### Task requirements
Repeat the data that follows in full. Do not include the pictures.

### Given data
= = = = =

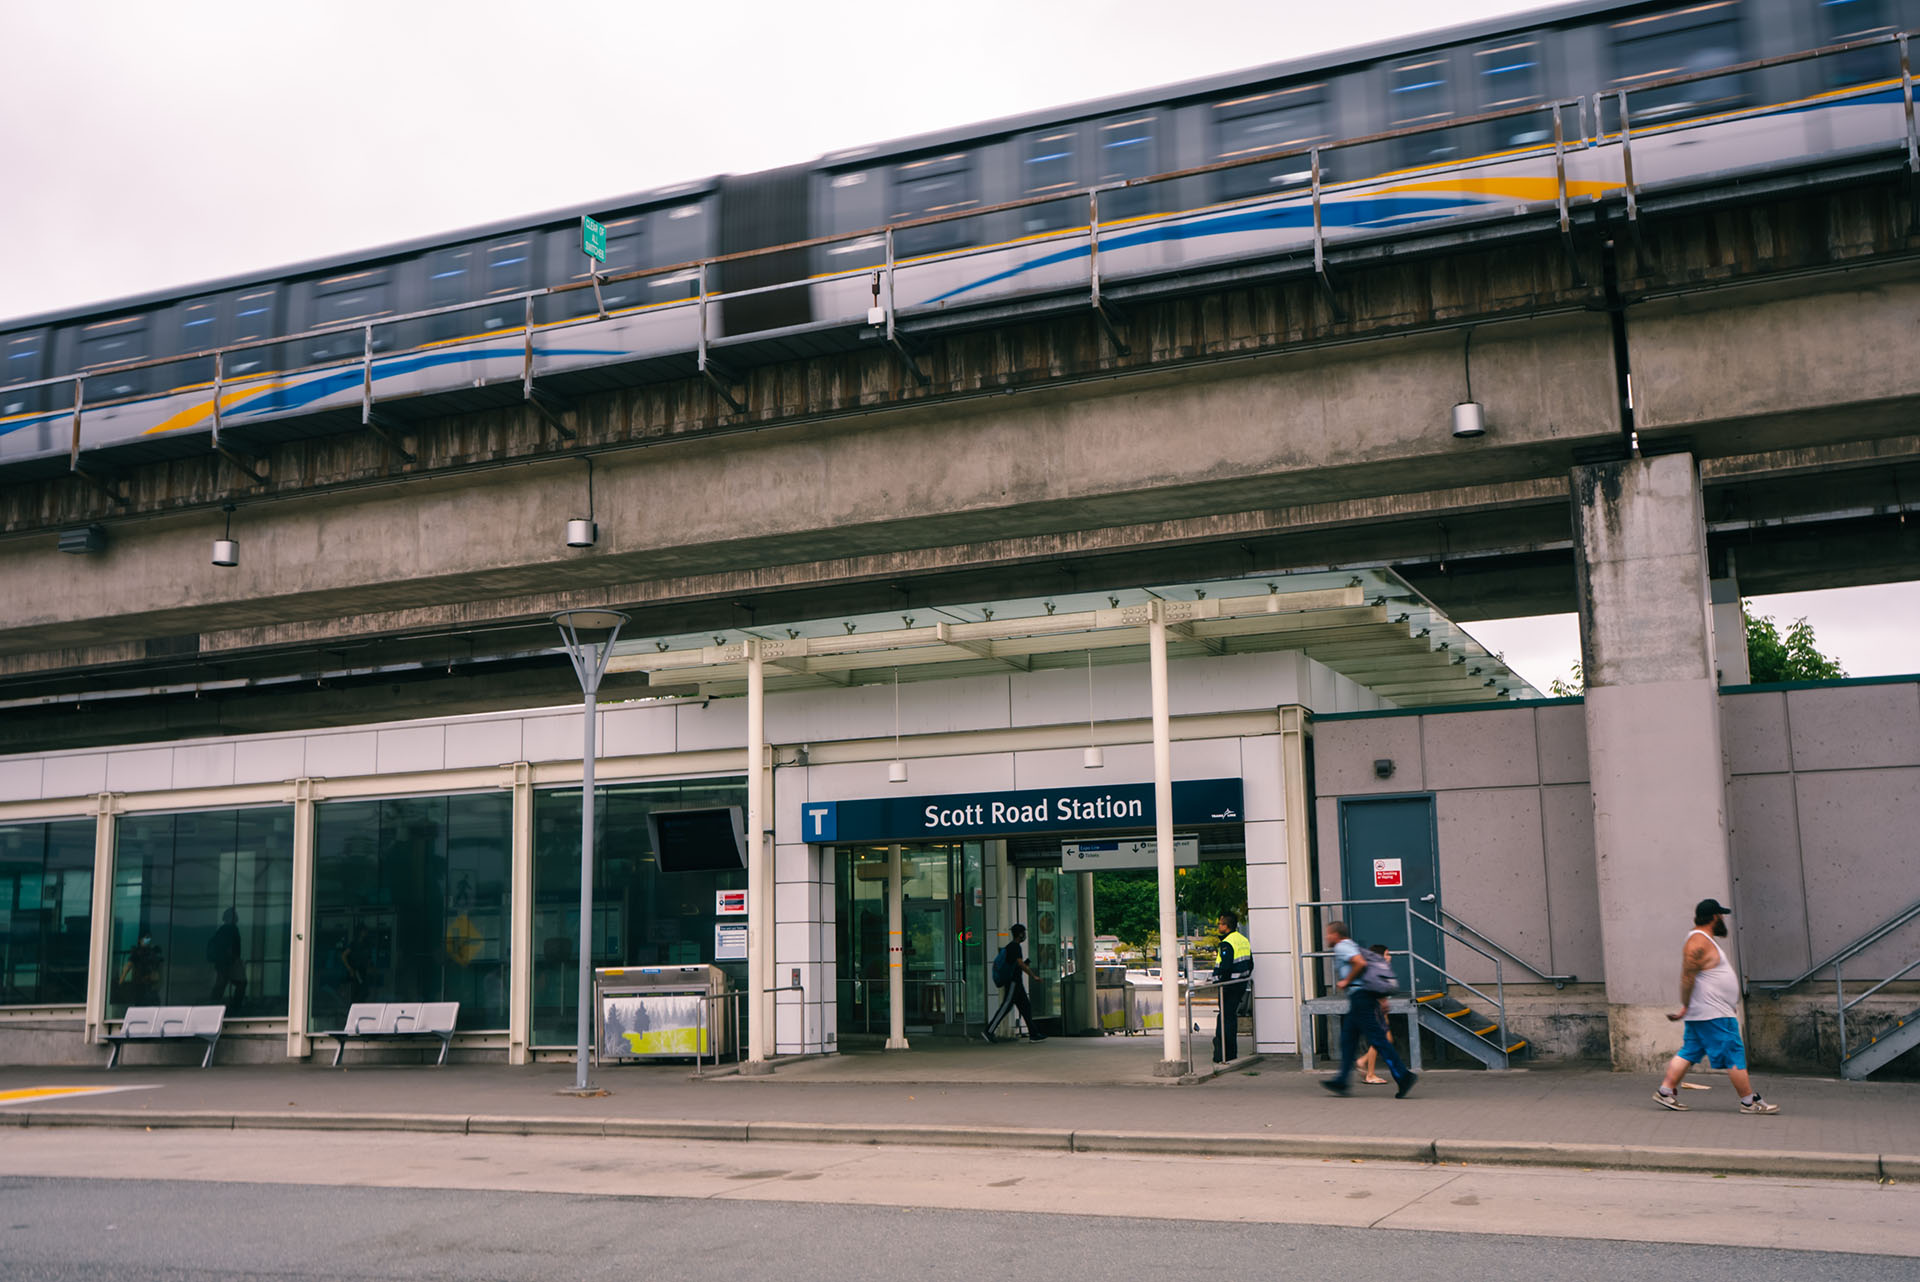 The entrance to Scott Road Station as the SkyTrain arrives
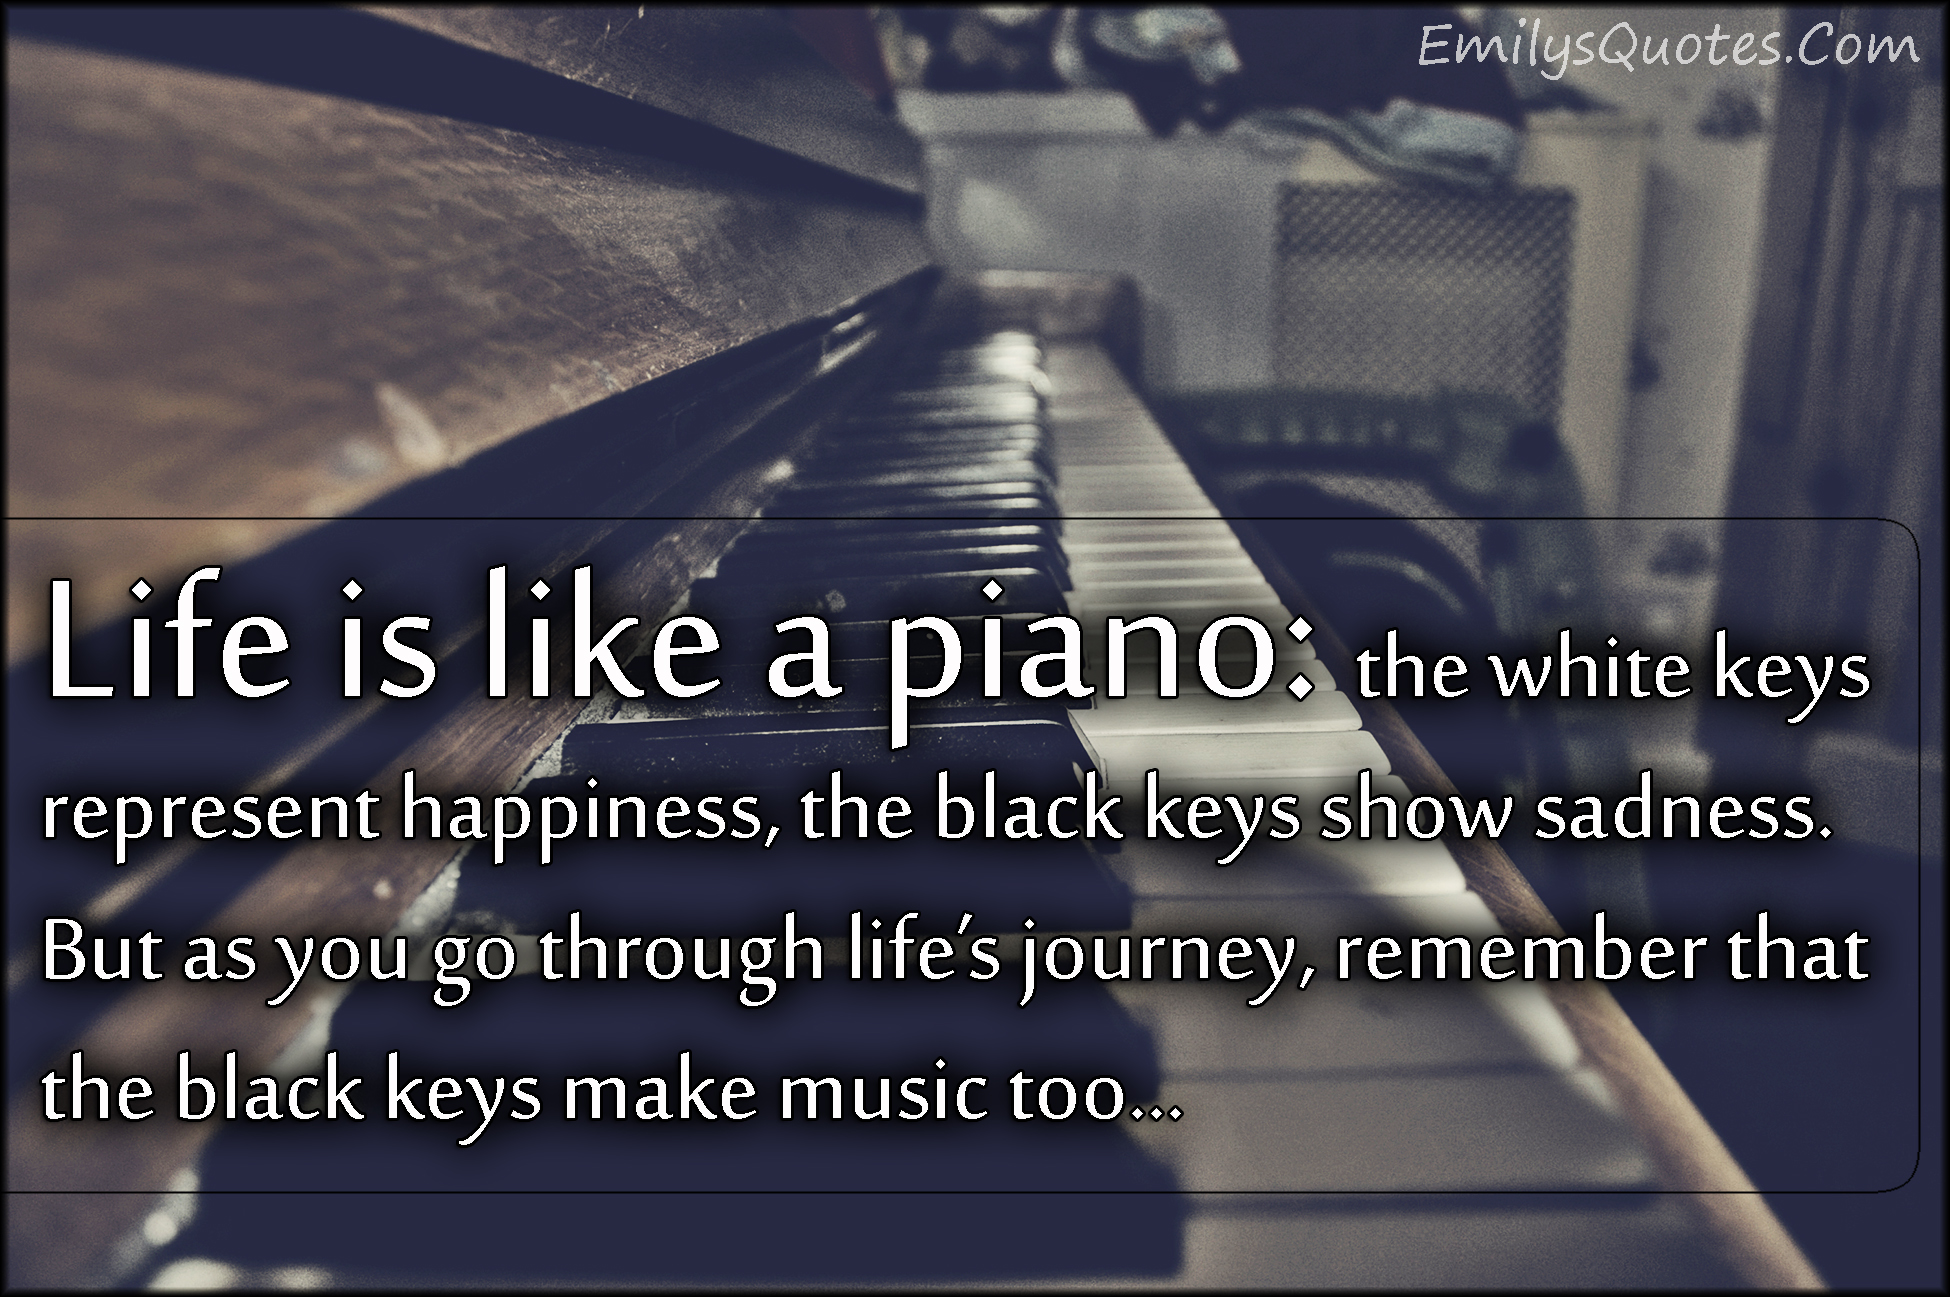 Life is like a piano: the white keys represent happiness, the black keys show sadness. But as you go through life’s journey, remember that the black keys make music too…
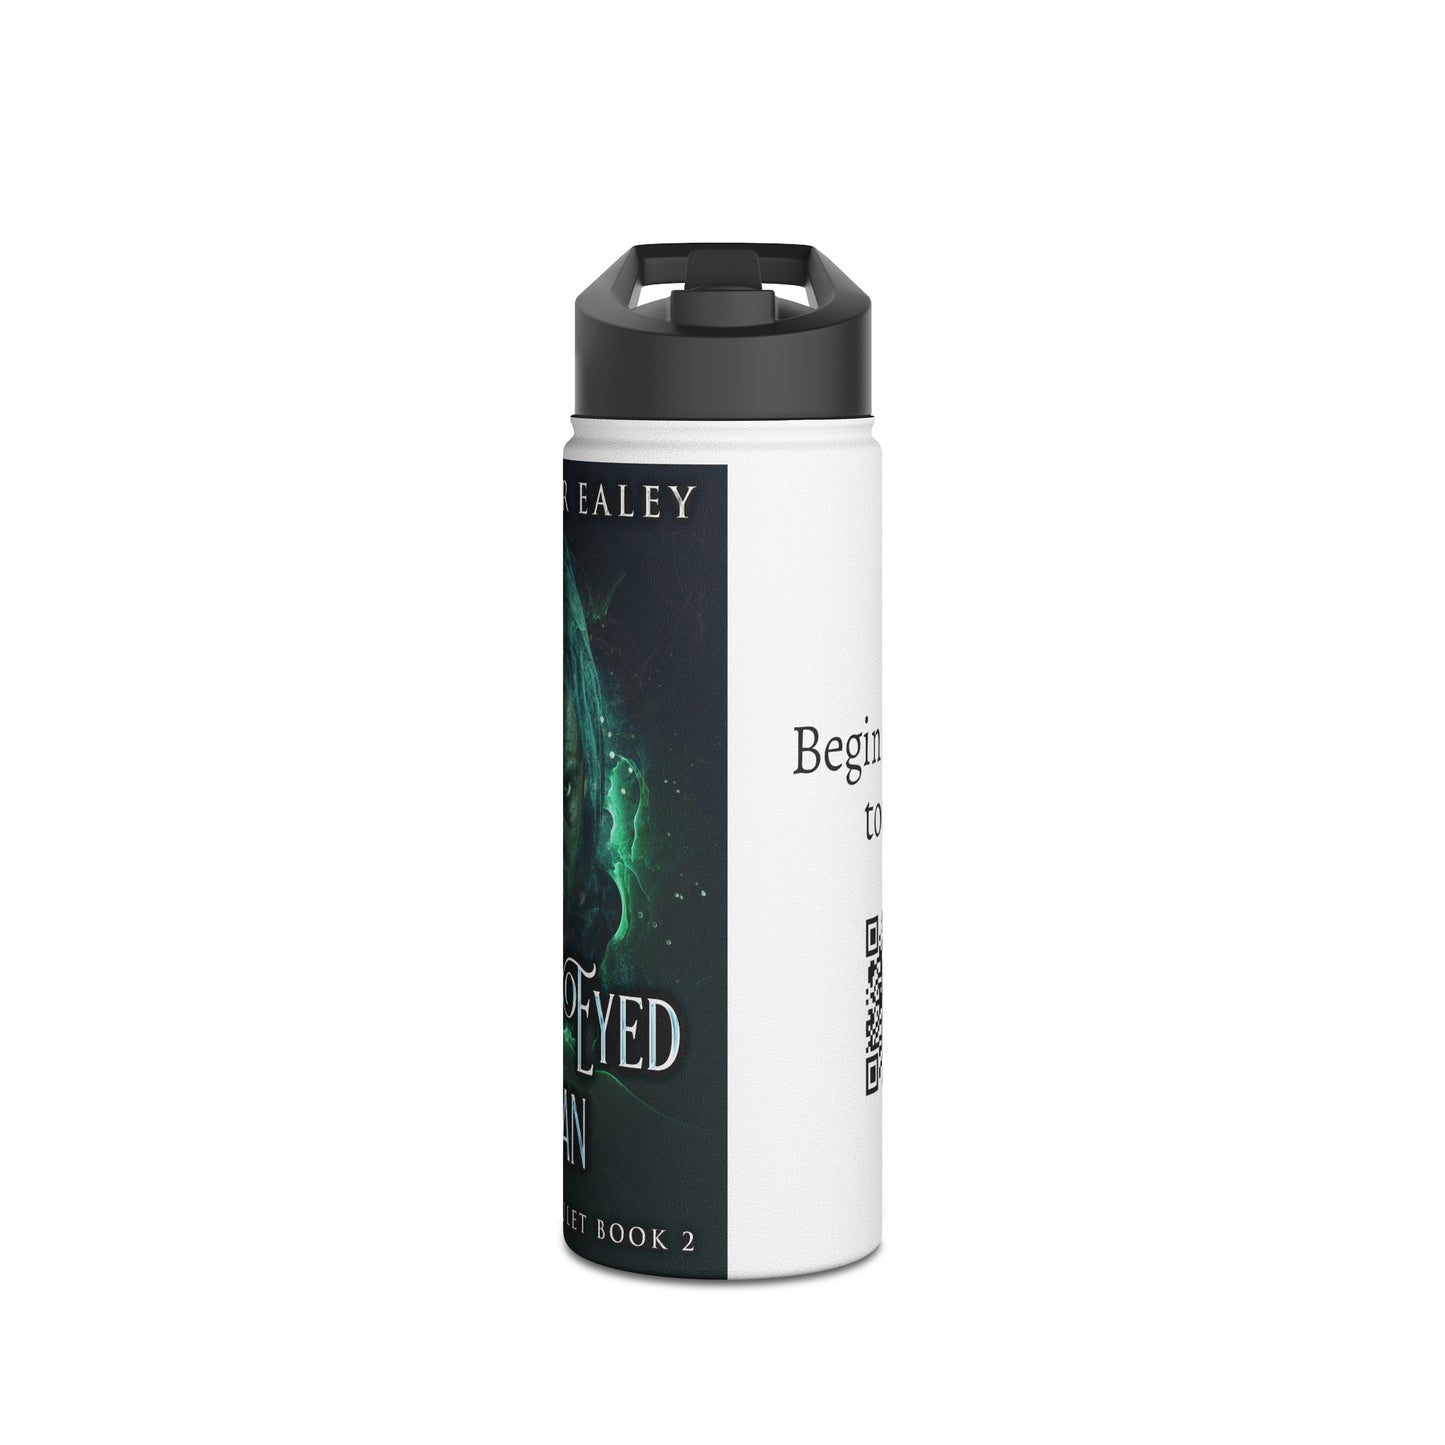 The Green-Eyed Man - Stainless Steel Water Bottle
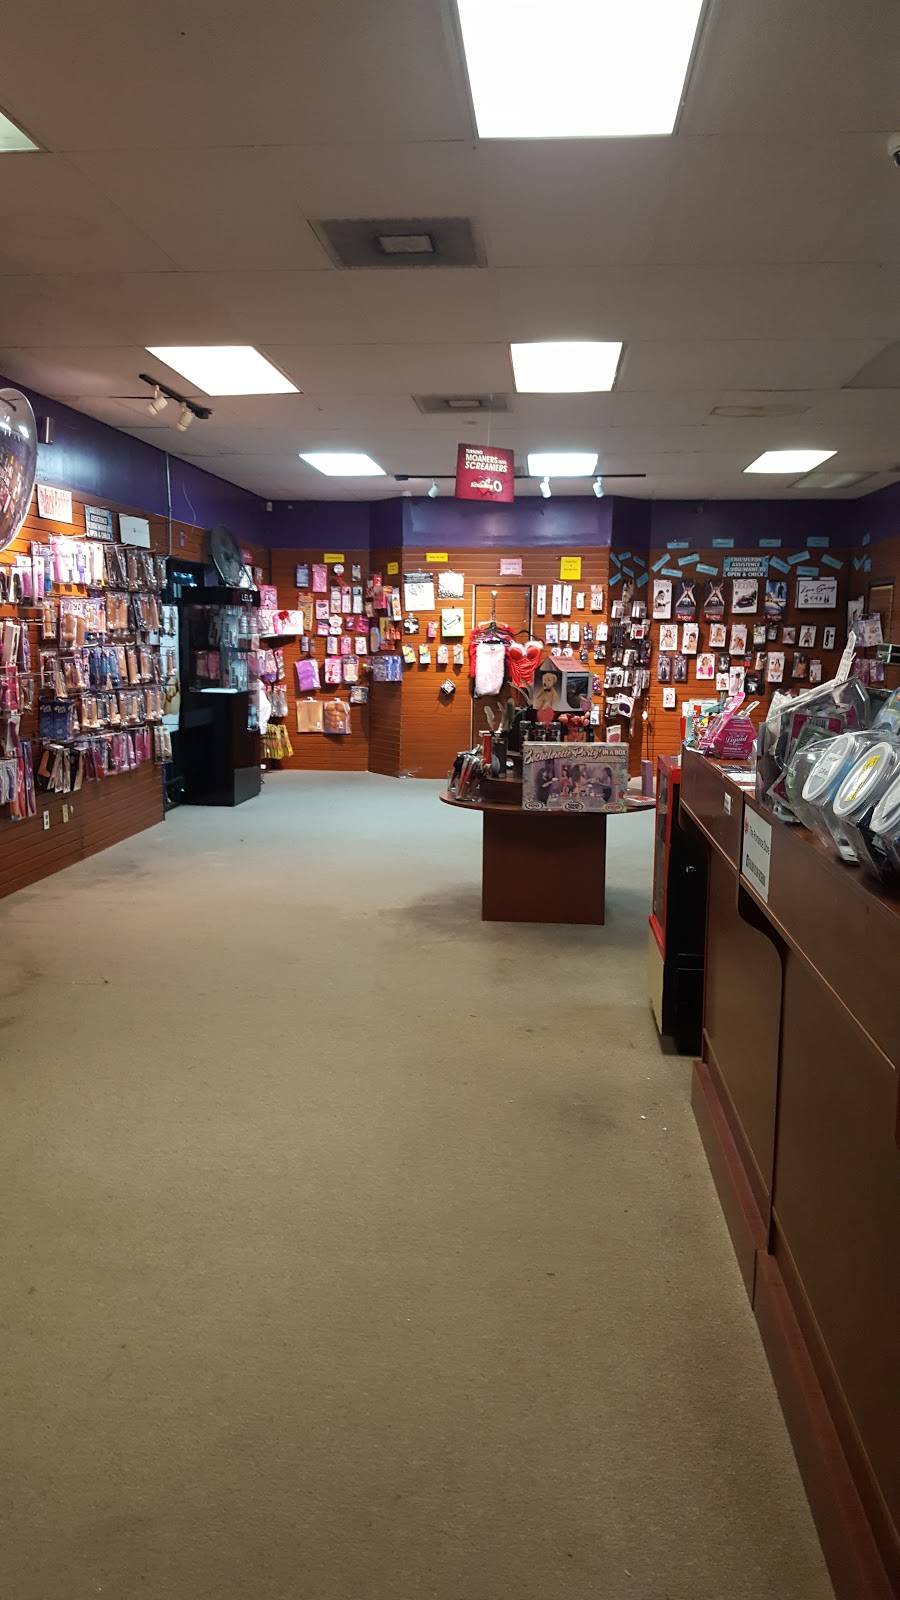 romance store | 6900 South Fwy # A2, Fort Worth, TX 76134, USA | Phone: (817) 551-3770

= = = = =

### Result of this task
 The entrance to Scott Road Station as the SkyTrain arrives
 Life is like a piano: the white keys represent happiness, the black keys show sadness. But as you go through life’s journey, remember that the black keys make music too…
 The Green-Eyed Man - Stainless Steel Water Bottle
 romance store | 6900 South Fwy # A2, Fort Worth, TX 76134, USA | Phone: (817) 551-3770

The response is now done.